> **Exercise instructions**:
Given the entries below, would you transcribe exactly the lines starting at the one with "Original product027 image3" and ending at the one with "Ryan Howsam Personal Website Design", both kept, pictures omitted, nothing extra?

> **Data for this exercise**:
........

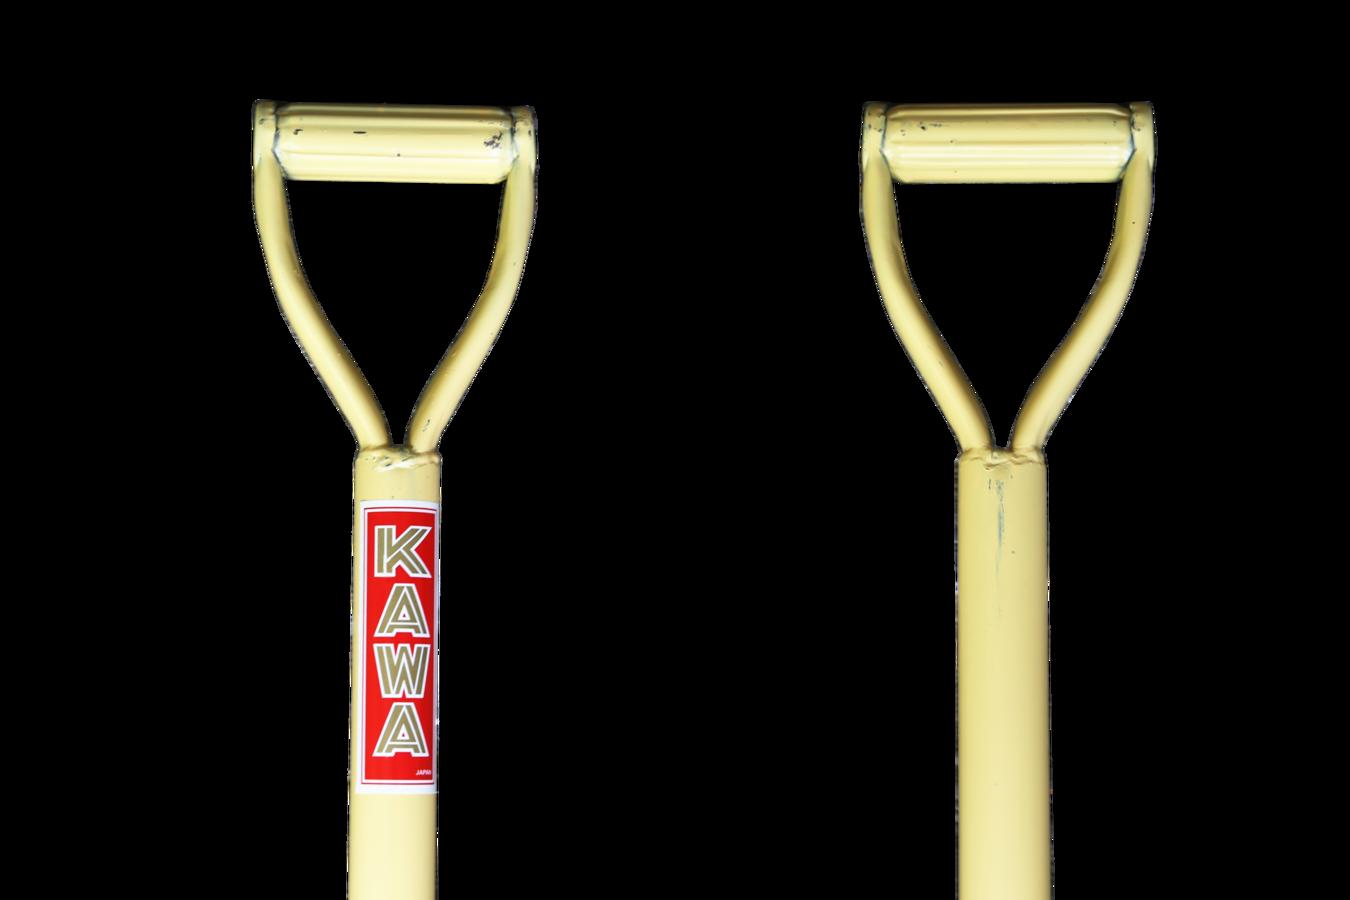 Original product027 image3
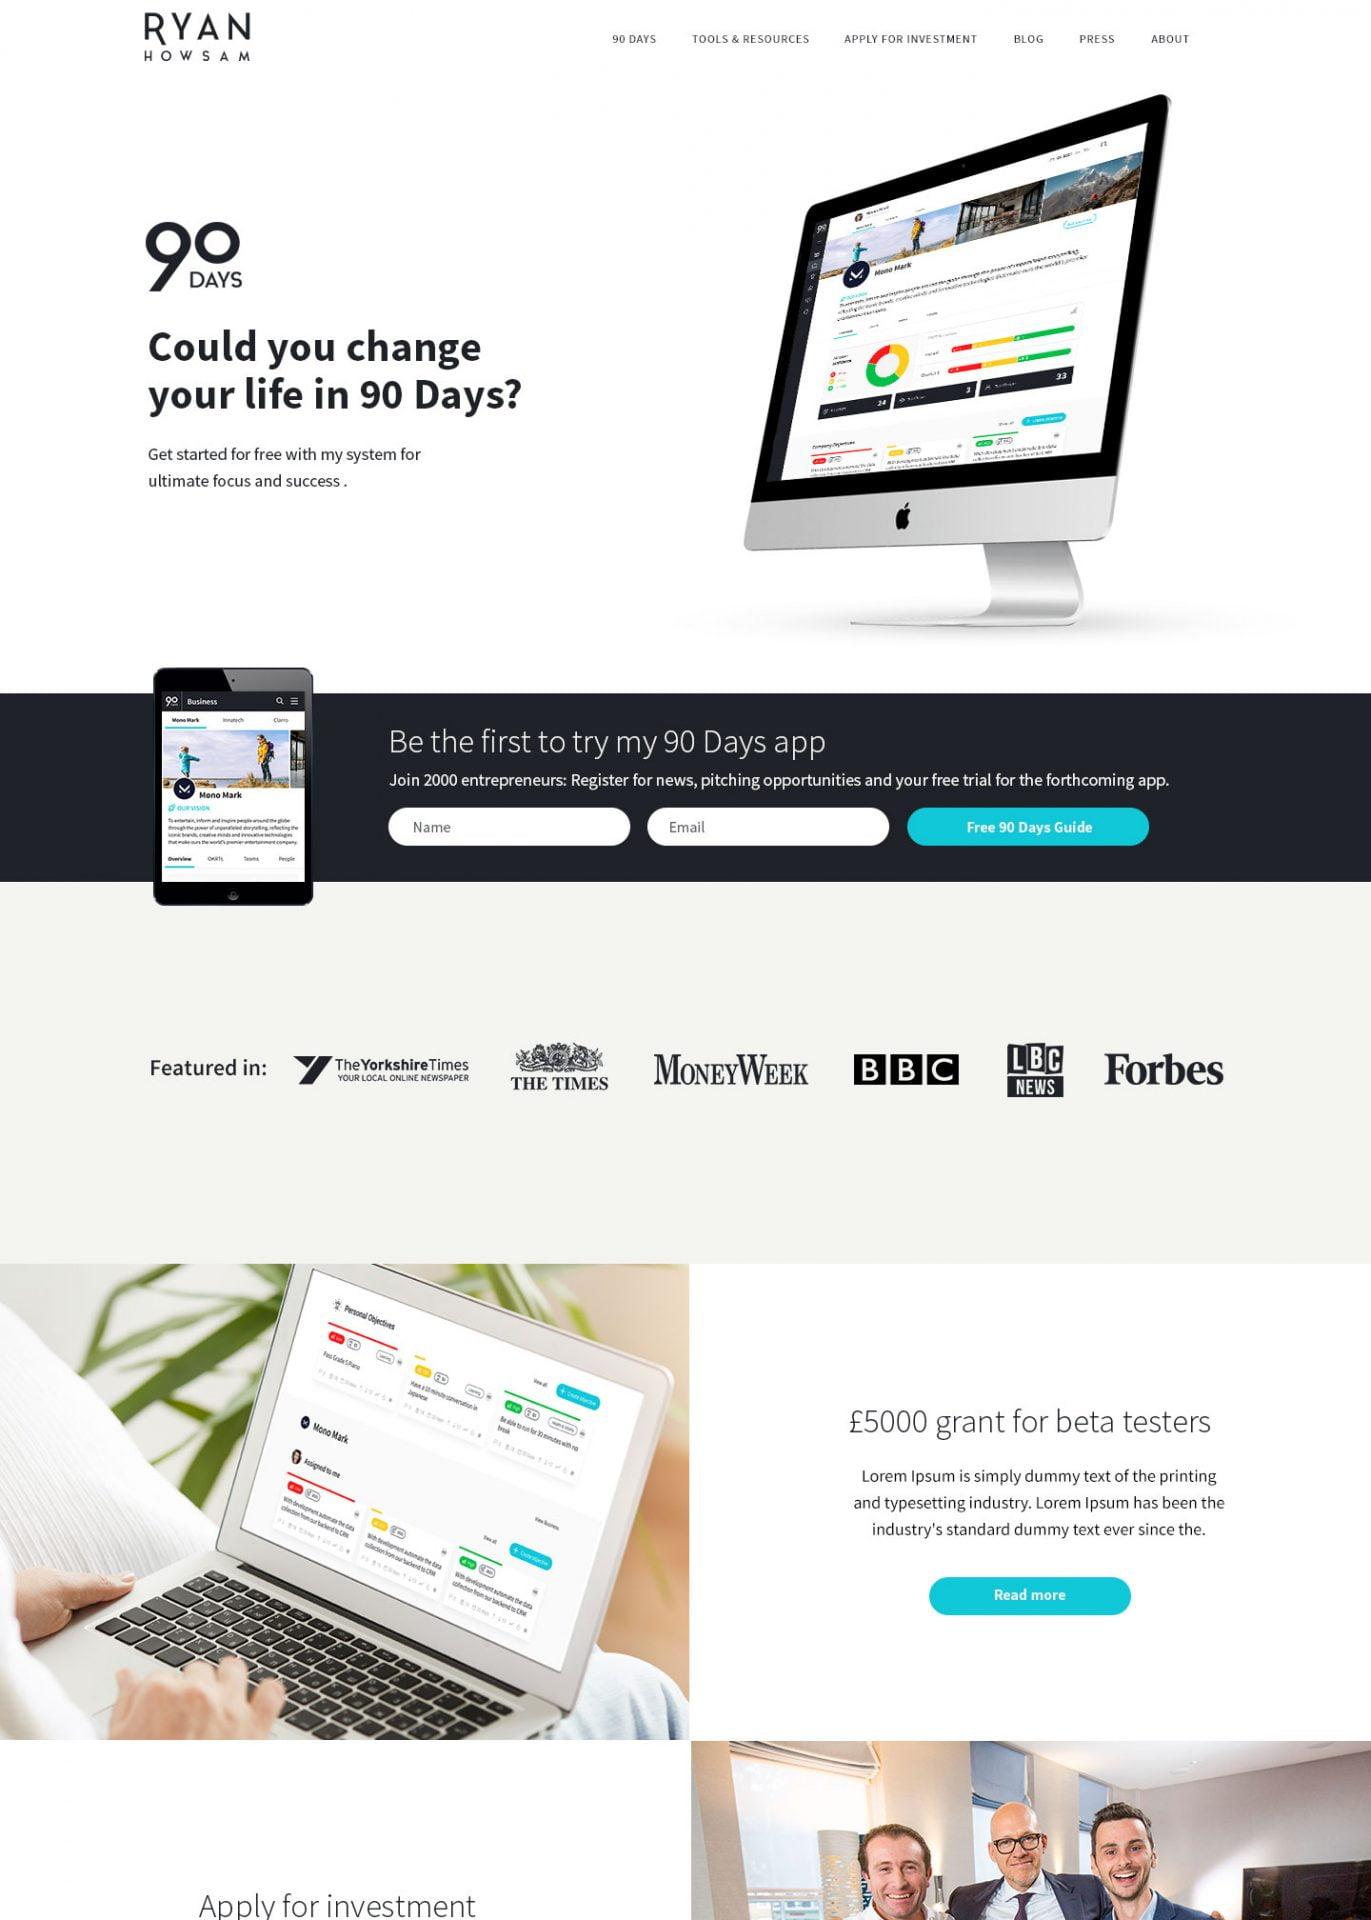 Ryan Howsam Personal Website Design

........

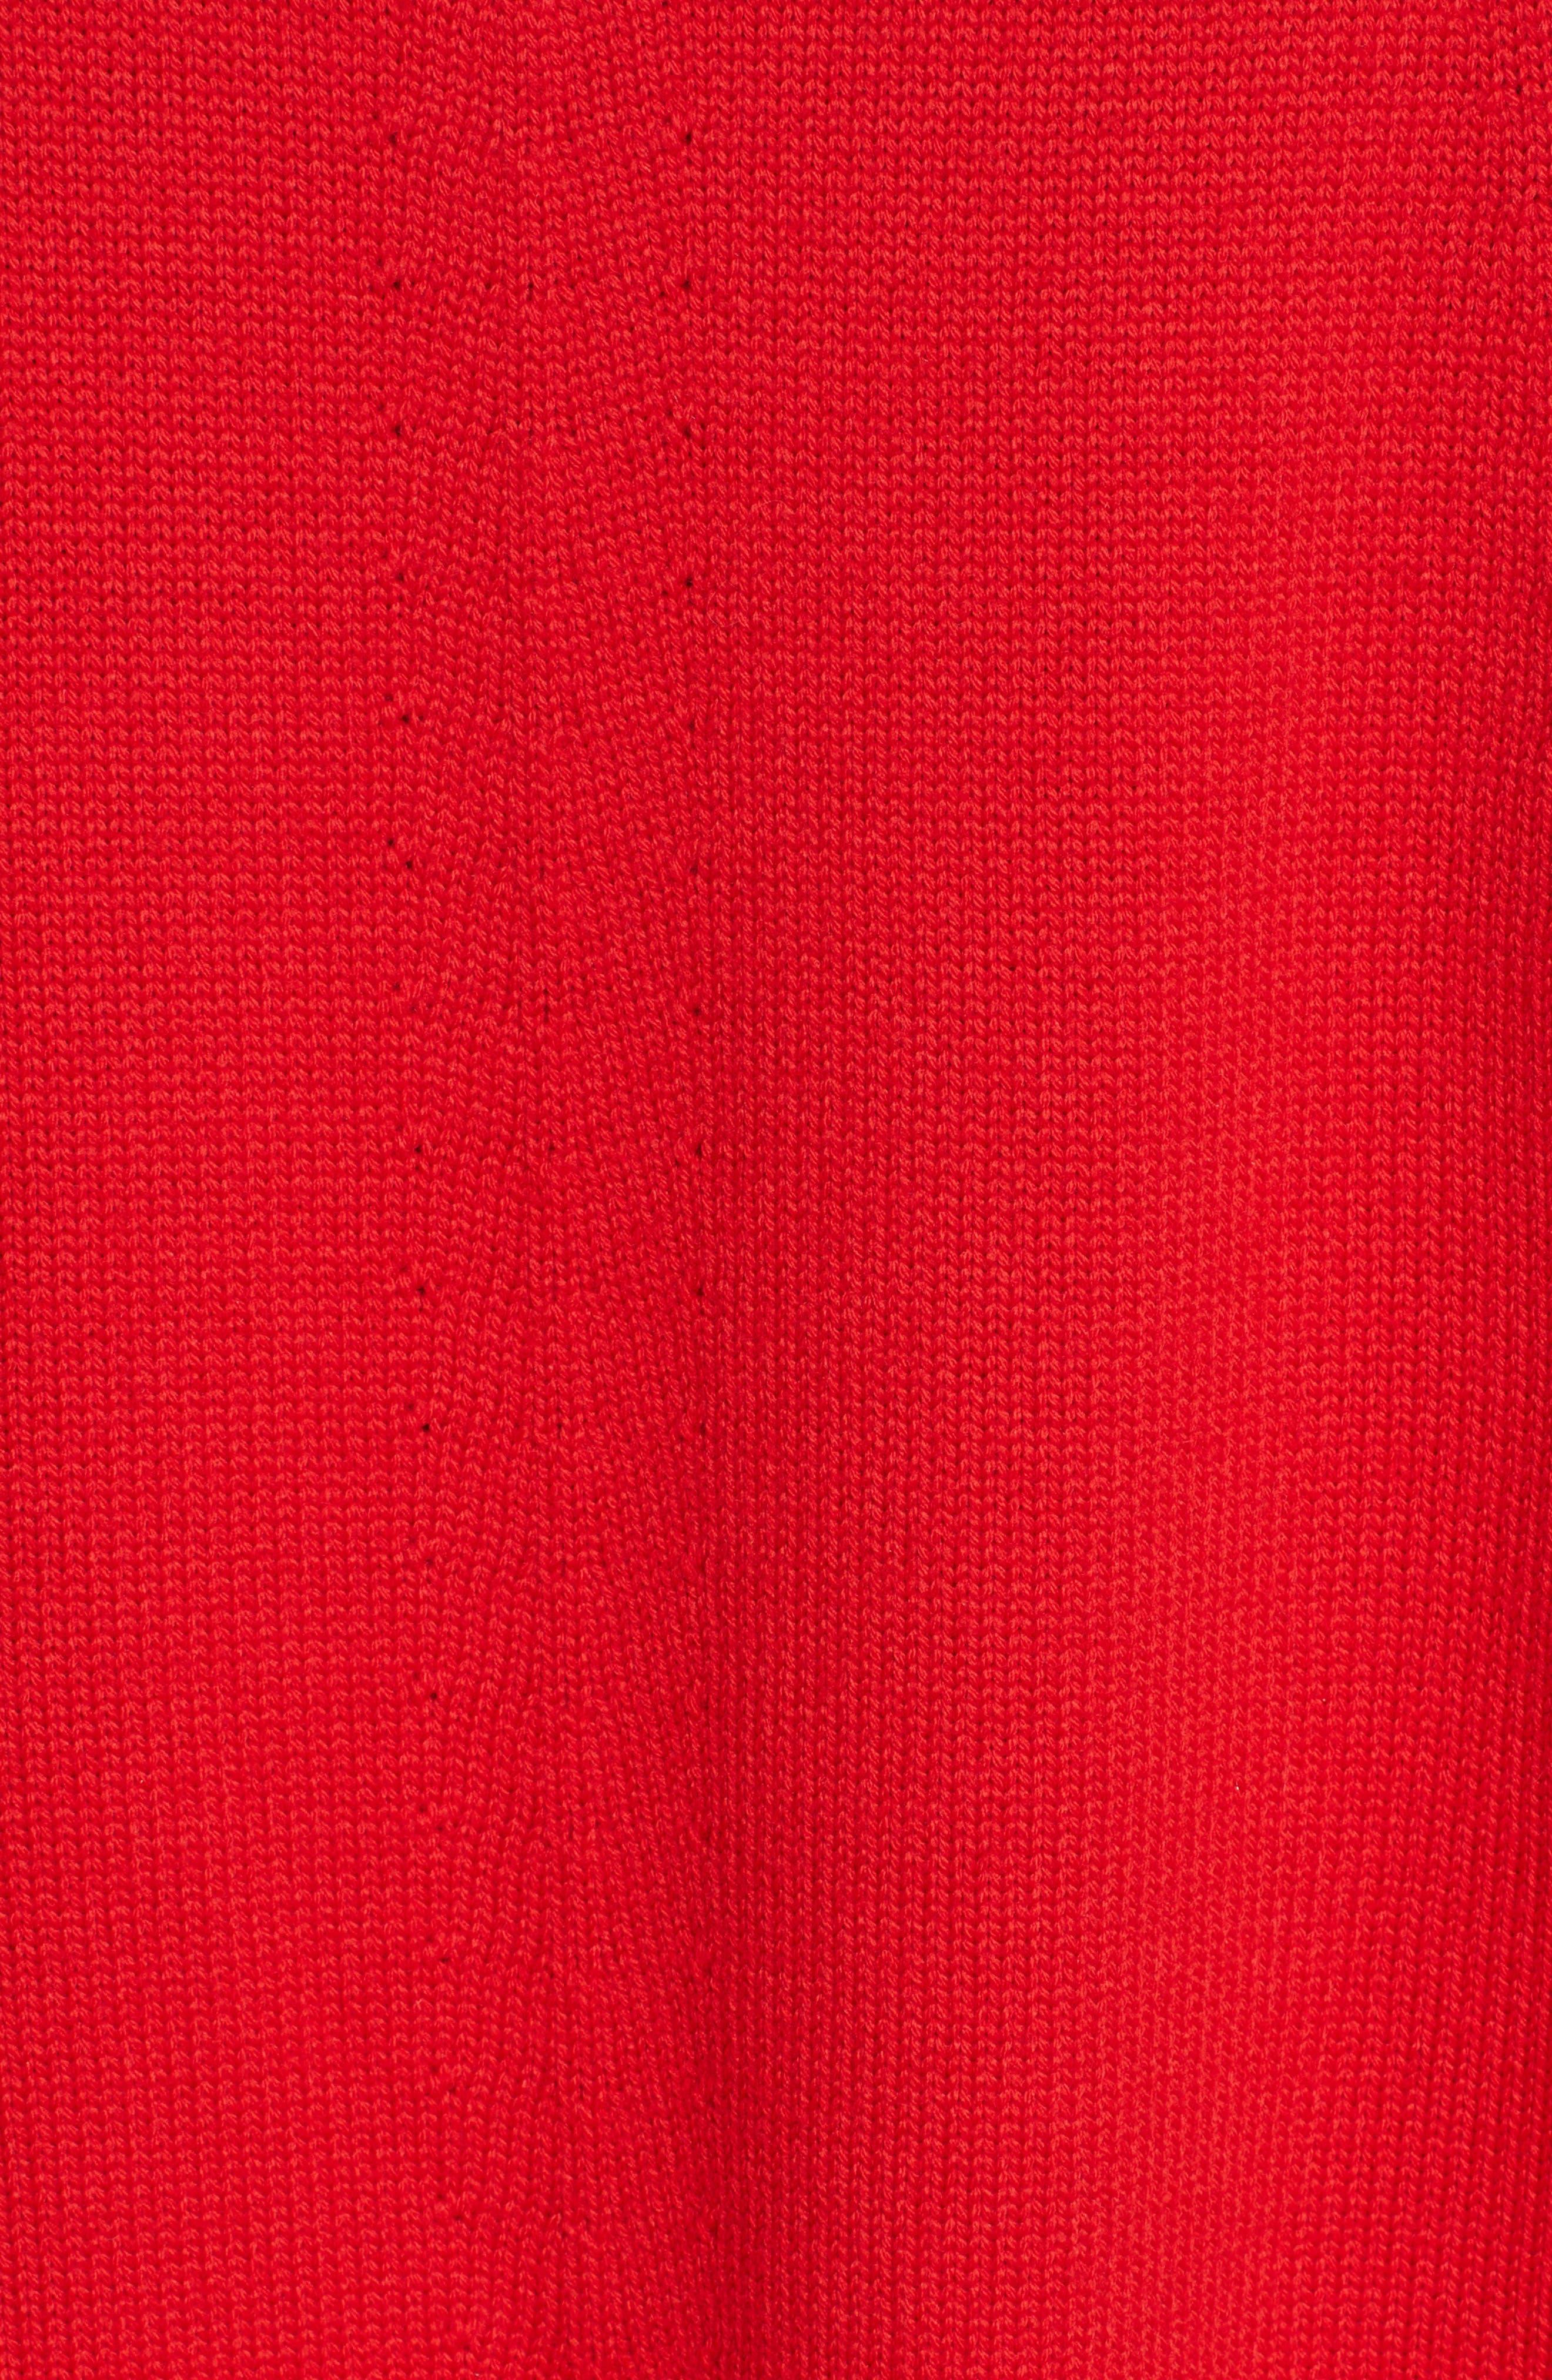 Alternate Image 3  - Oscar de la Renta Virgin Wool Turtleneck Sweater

........

> **Response for this exercise**:
 Original product027 image3
 Ryan Howsam Personal Website Design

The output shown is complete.